- _SUPPLIED RECORDS_:
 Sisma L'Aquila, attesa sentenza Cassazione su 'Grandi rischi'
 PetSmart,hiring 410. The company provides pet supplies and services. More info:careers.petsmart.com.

...

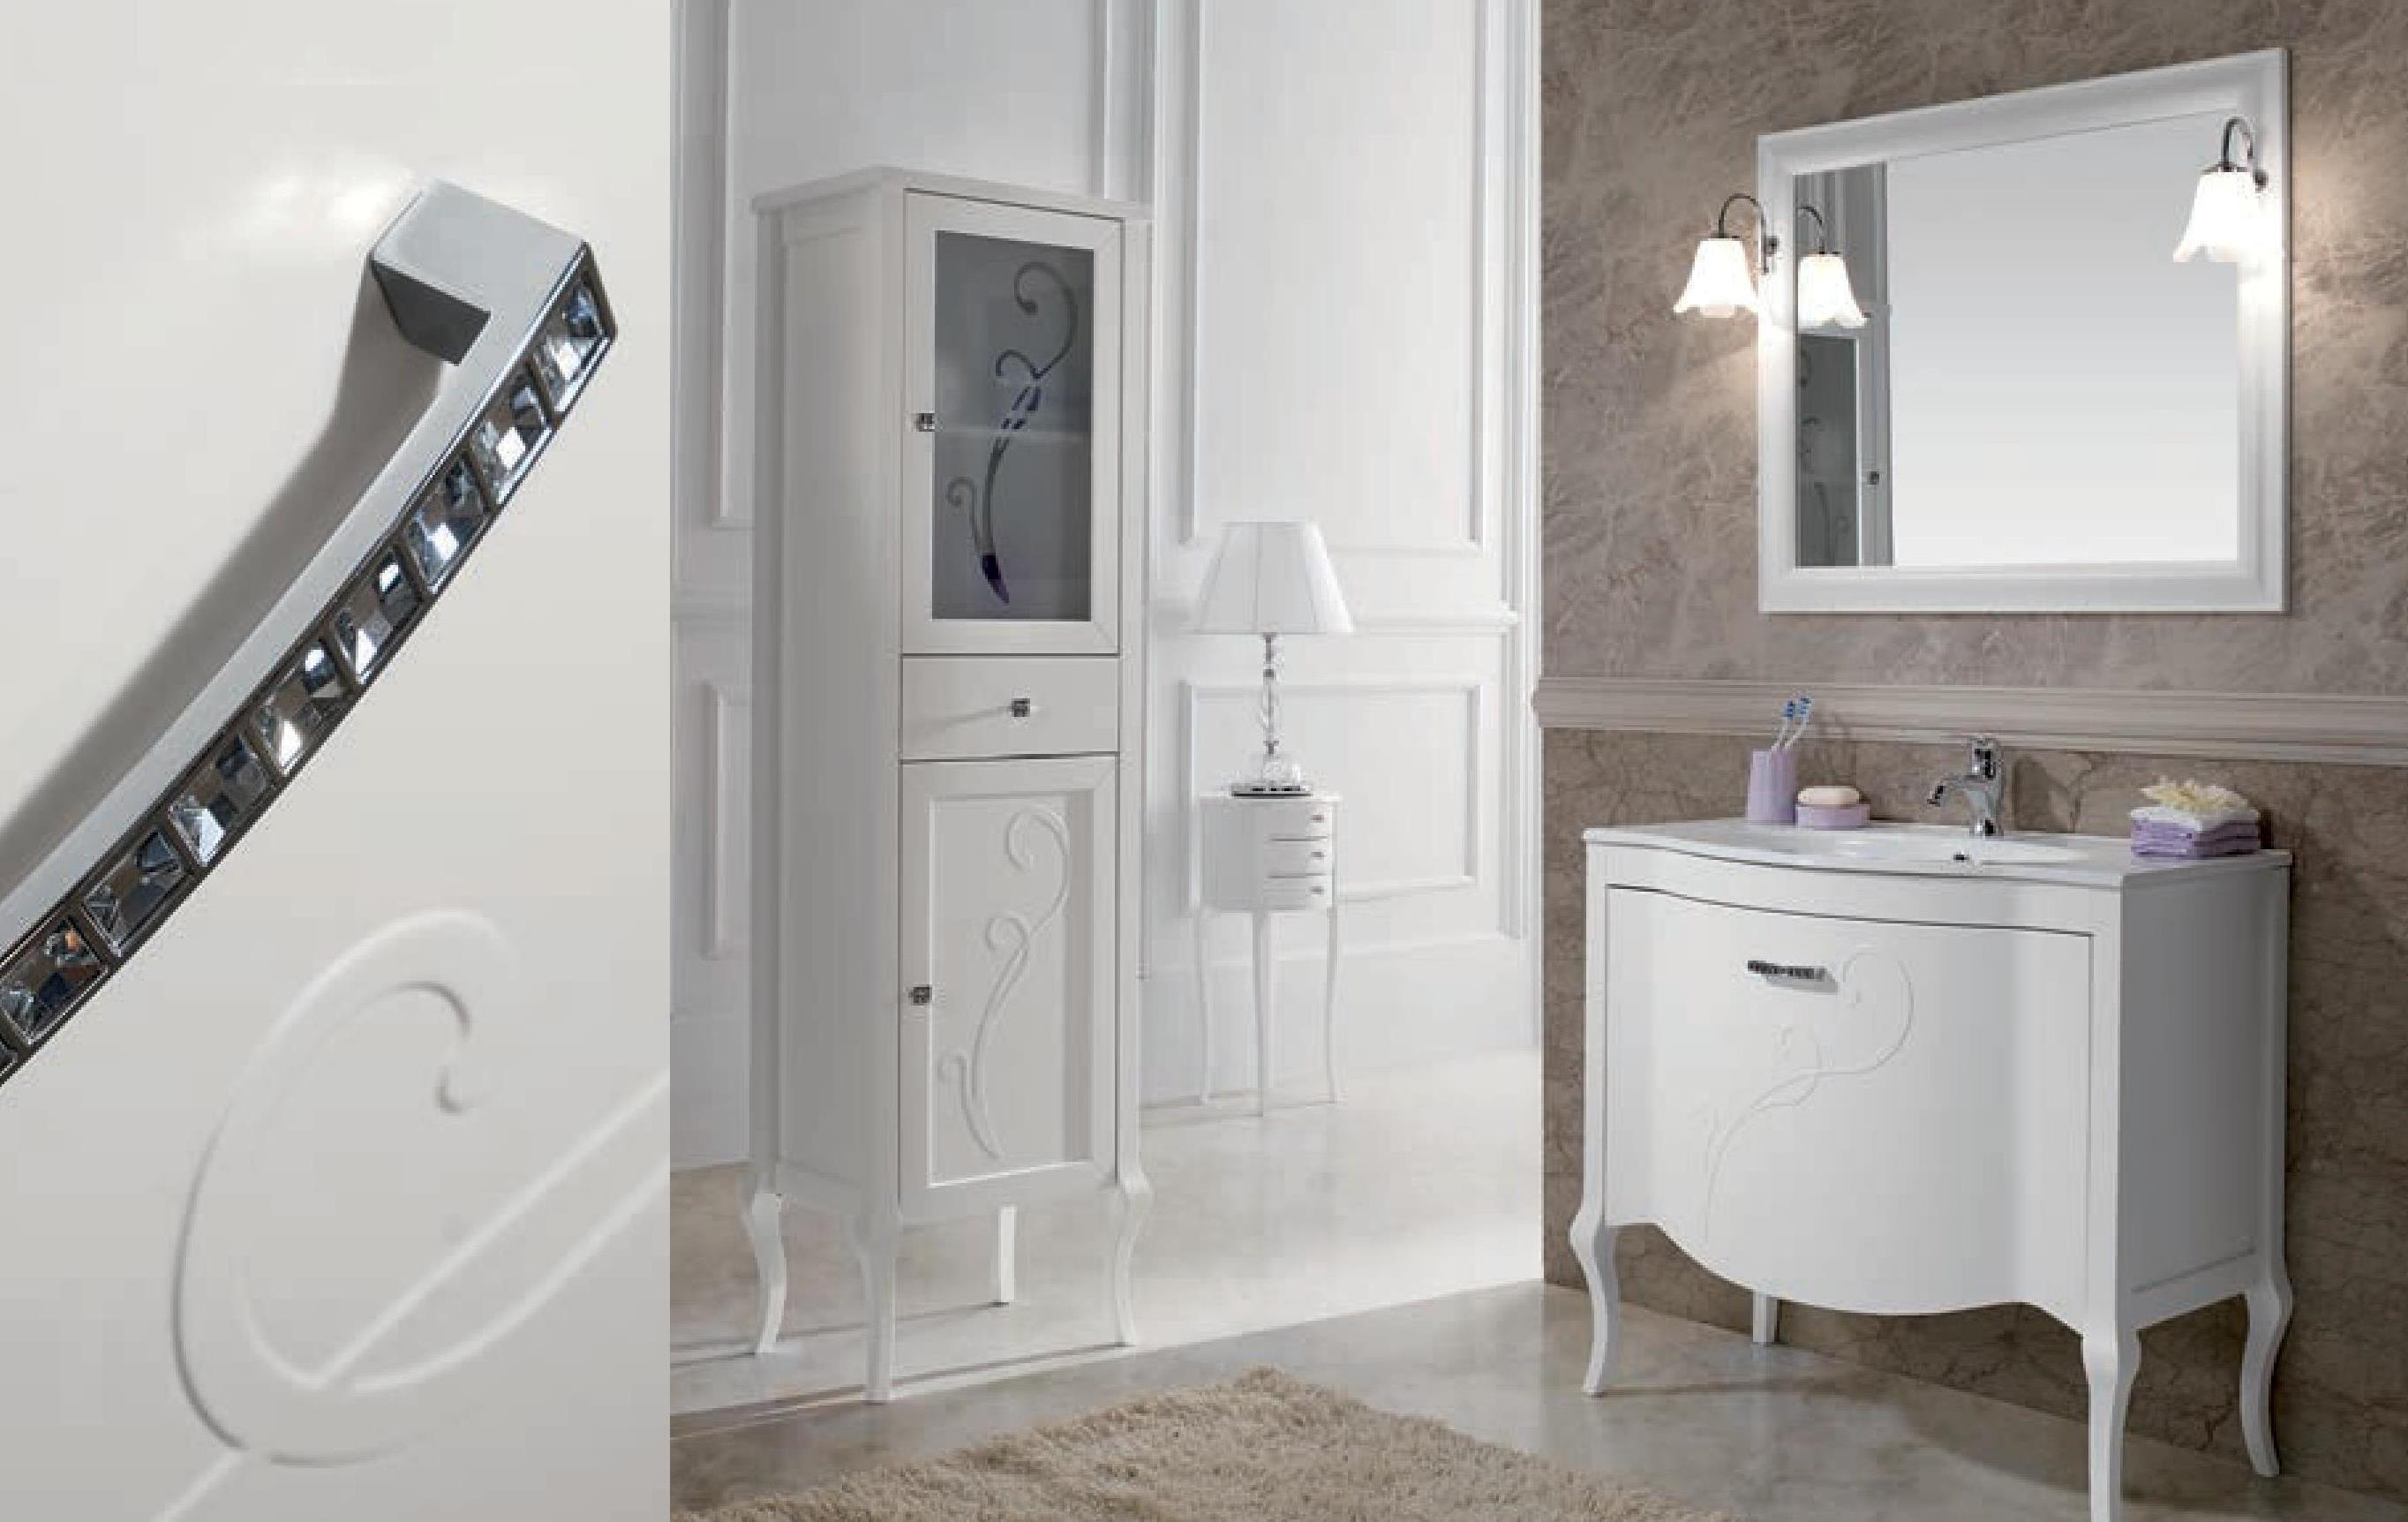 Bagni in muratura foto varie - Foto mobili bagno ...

- _TASK TO CARRY OUT_: Using the listing above, copy exactly the line that contains "Sisma L'Aquila, attesa", the line that contains "PetSmart,hiring 410. The", and each line that falls between them.

- _WRITTEN RESPONSE_:
 Sisma L'Aquila, attesa sentenza Cassazione su 'Grandi rischi'
 PetSmart,hiring 410. The company provides pet supplies and services. More info:careers.petsmart.com.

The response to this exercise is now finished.